_EXERCISE DESCRIPTION_.
Leave out the pictures, and print exactly the lines from the one holding "MTB / Gravel" through the last line of the material.

_RECORDED DATA_.

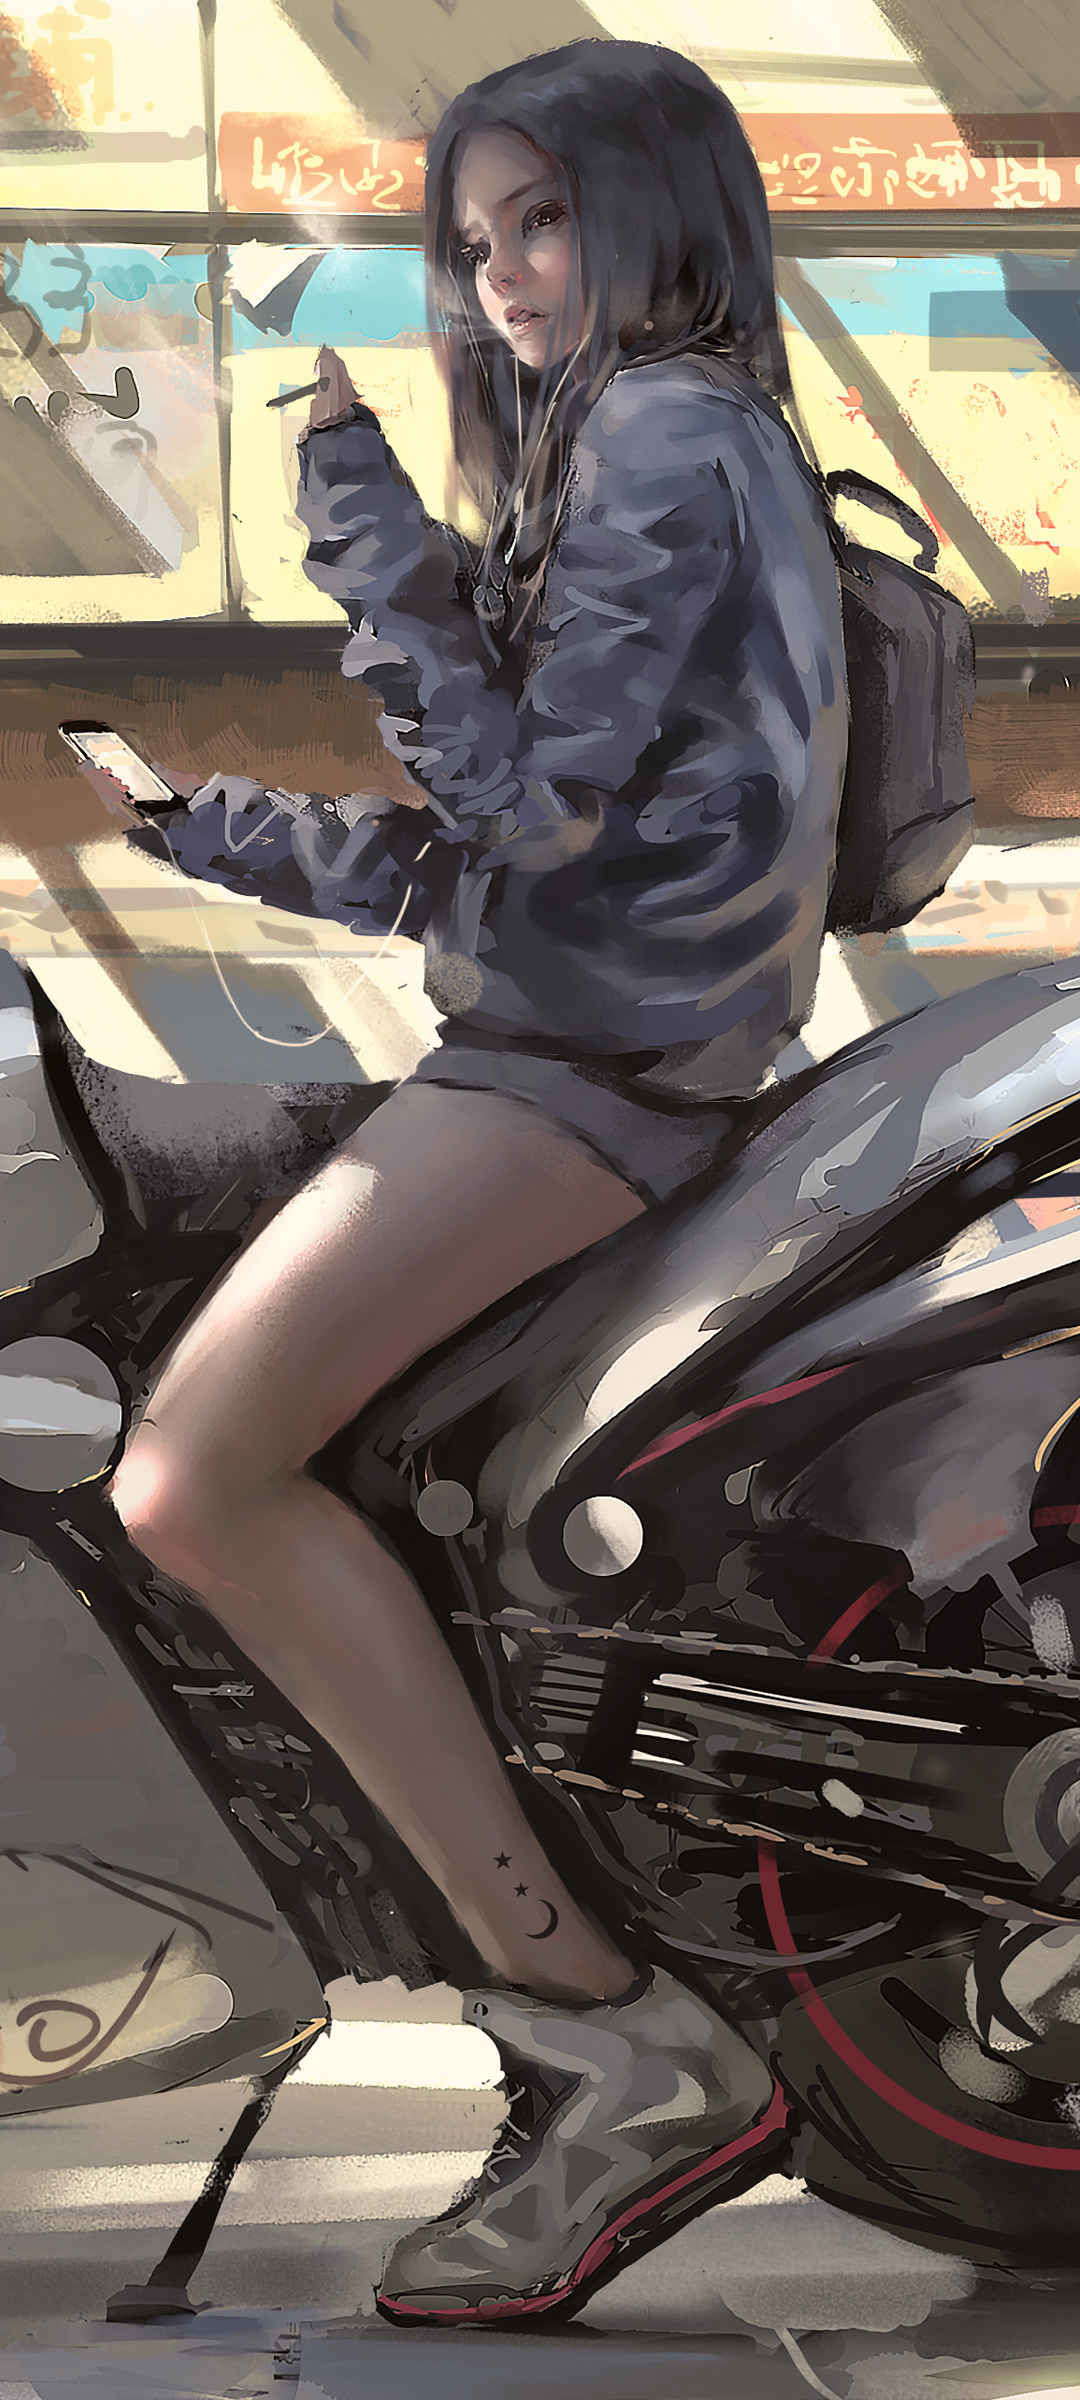 个性女孩 摩托车 厚涂画 鬼刀高清手机壁纸
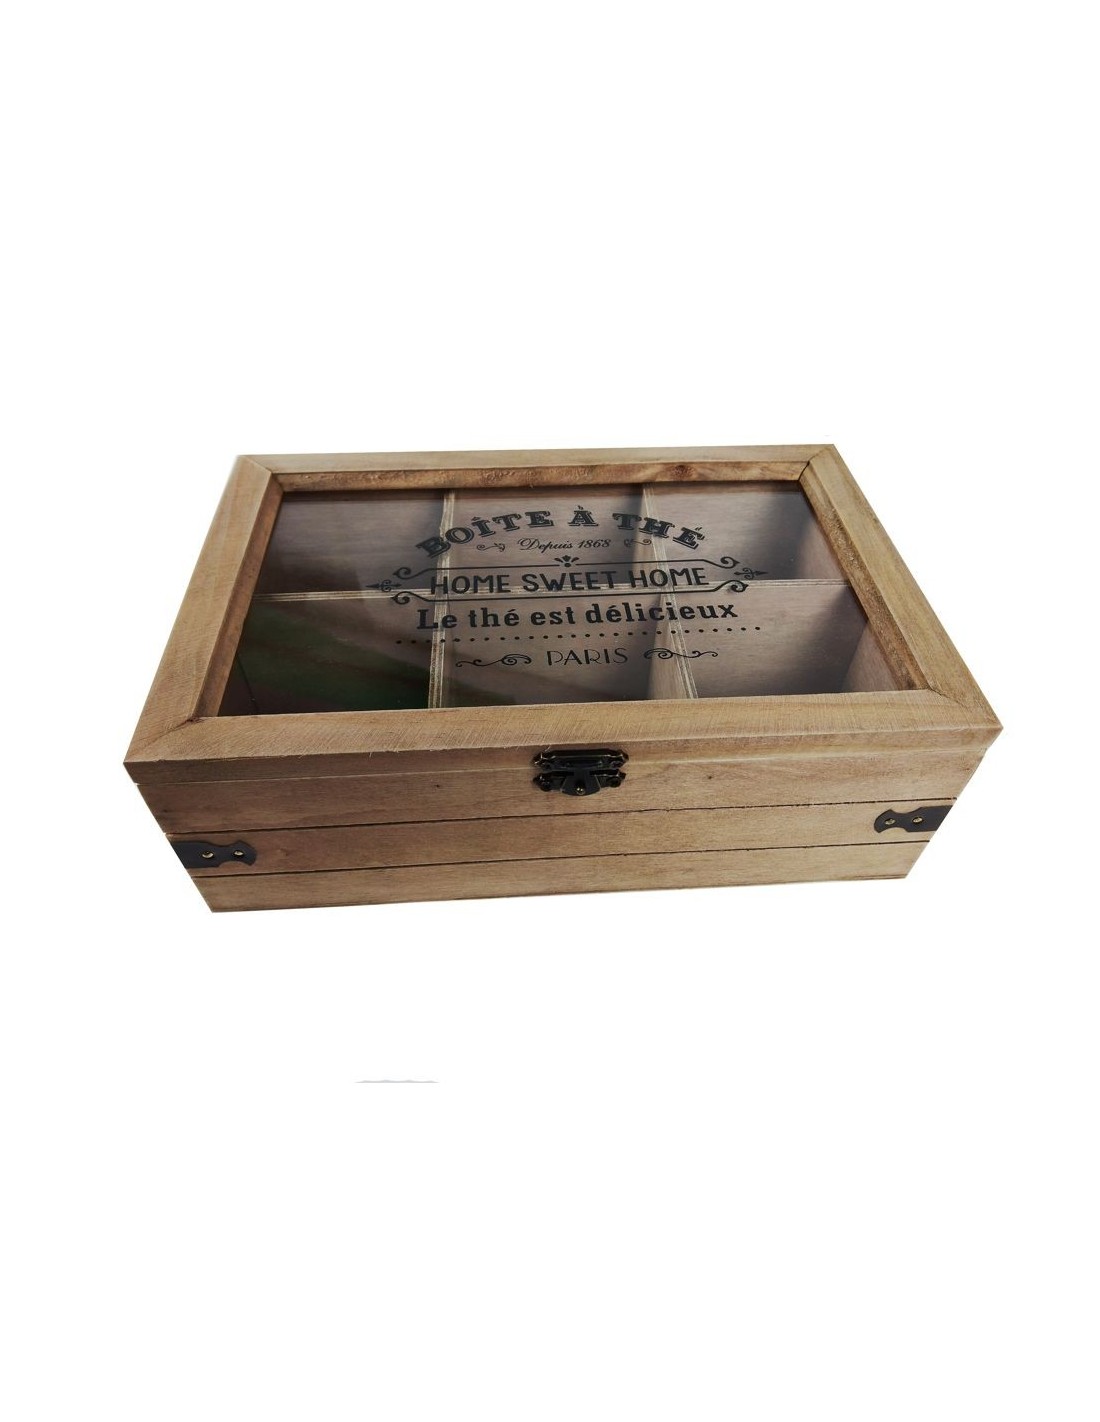 Caja madera almacenaje té infusiones 6 compartimientos estilo vintage
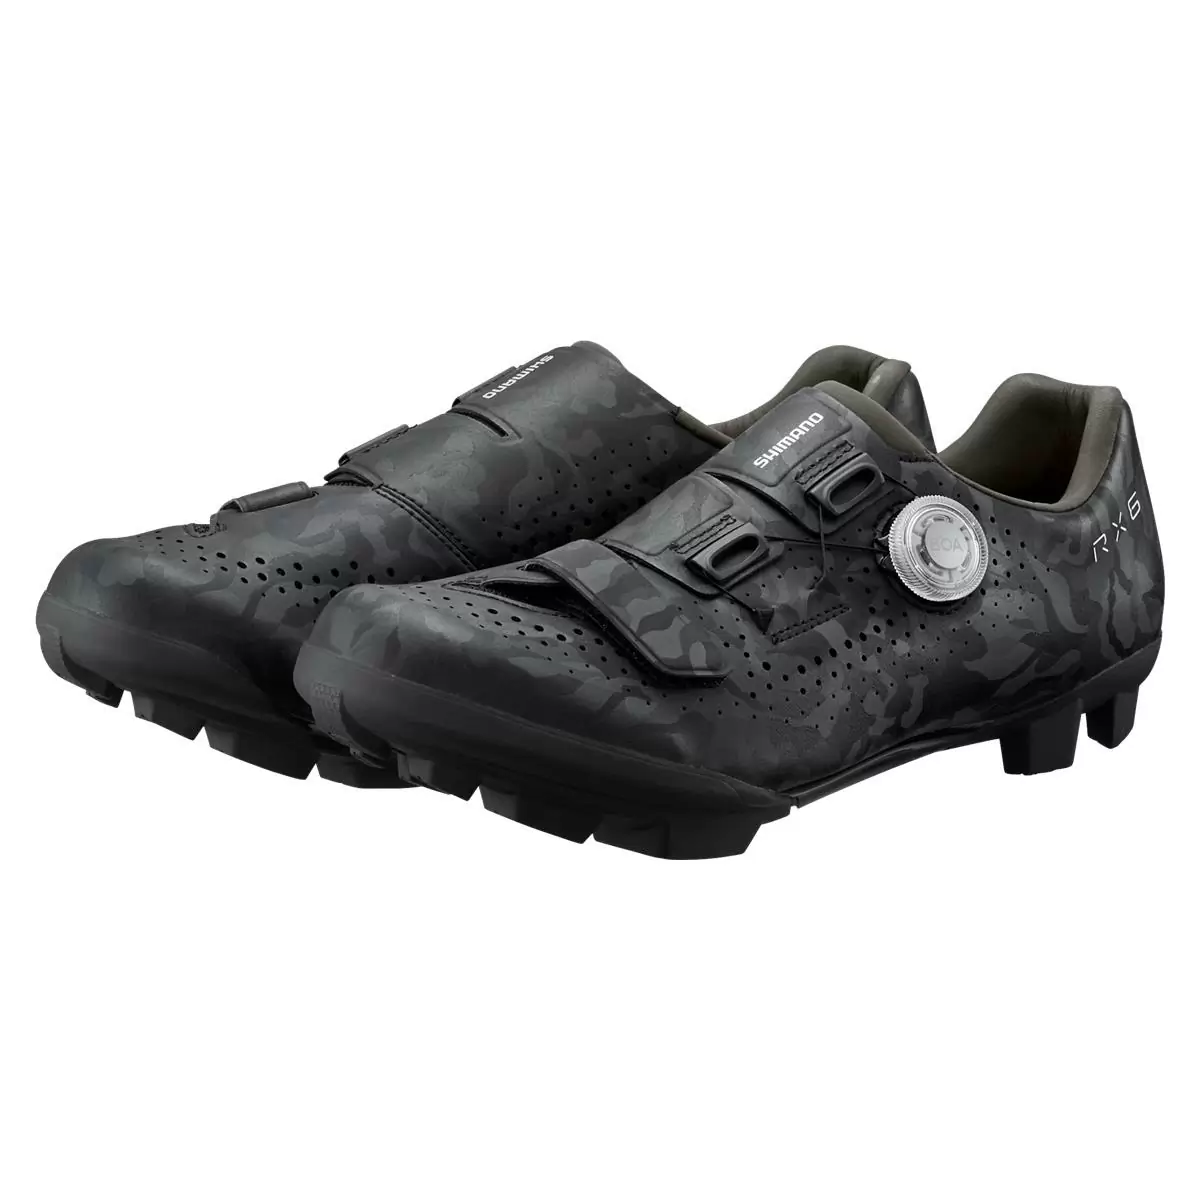 MTB / Gravel Shoes SH-RX600 RX6 Black Size 45 #3
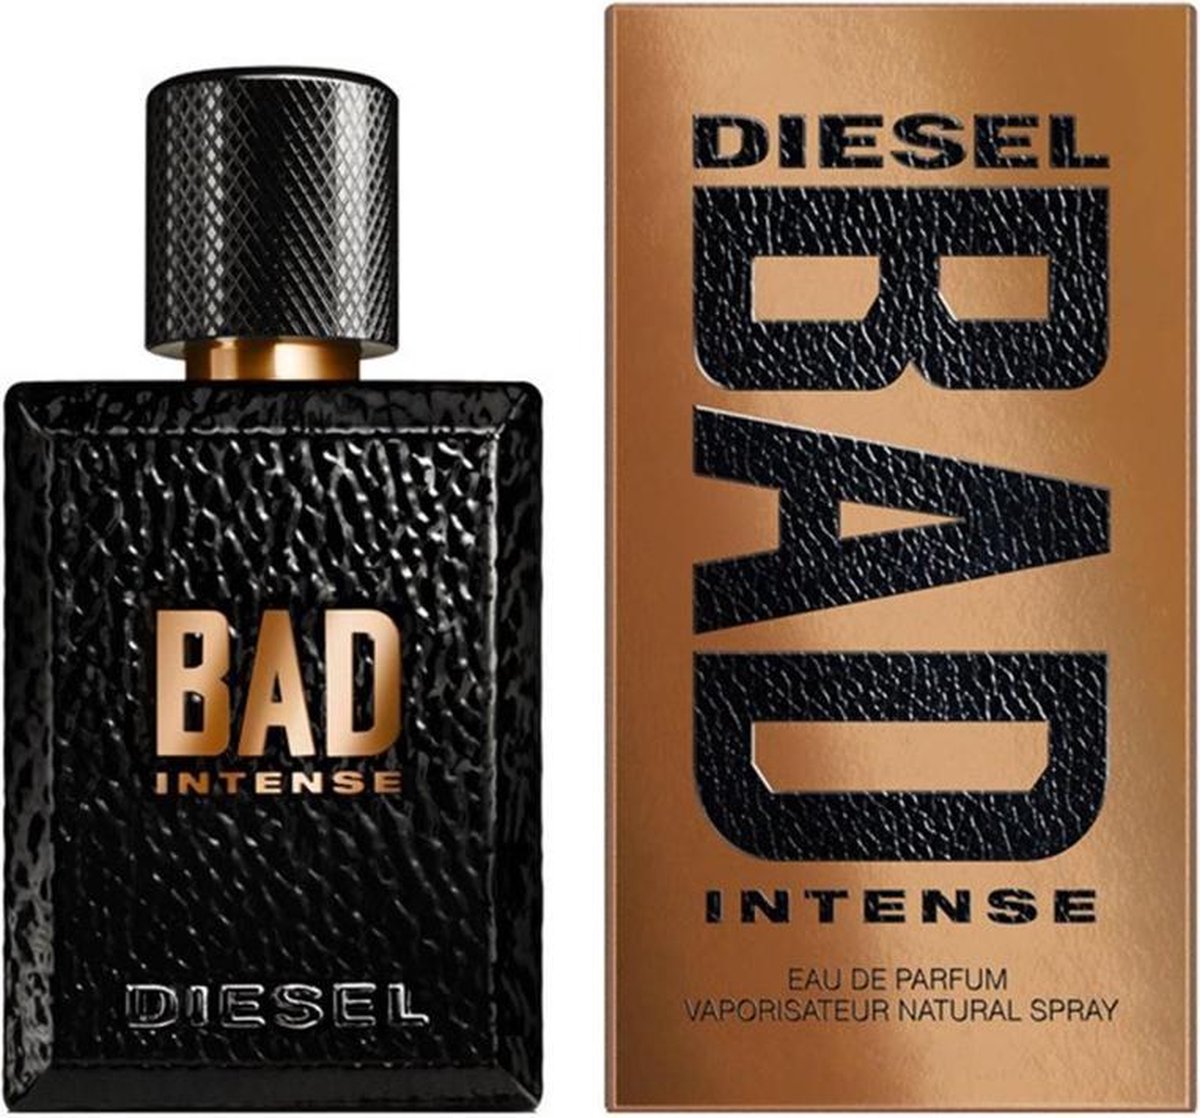 Diesel Bad Intense by Diesel 125 ml - Eau De Parfum Spray

_TASK RESPONSE_.
 MTB / Gravel Shoes SH-RX600 RX6 Black Size 45 #3
 Diesel Bad Intense by Diesel 125 ml - Eau De Parfum Spray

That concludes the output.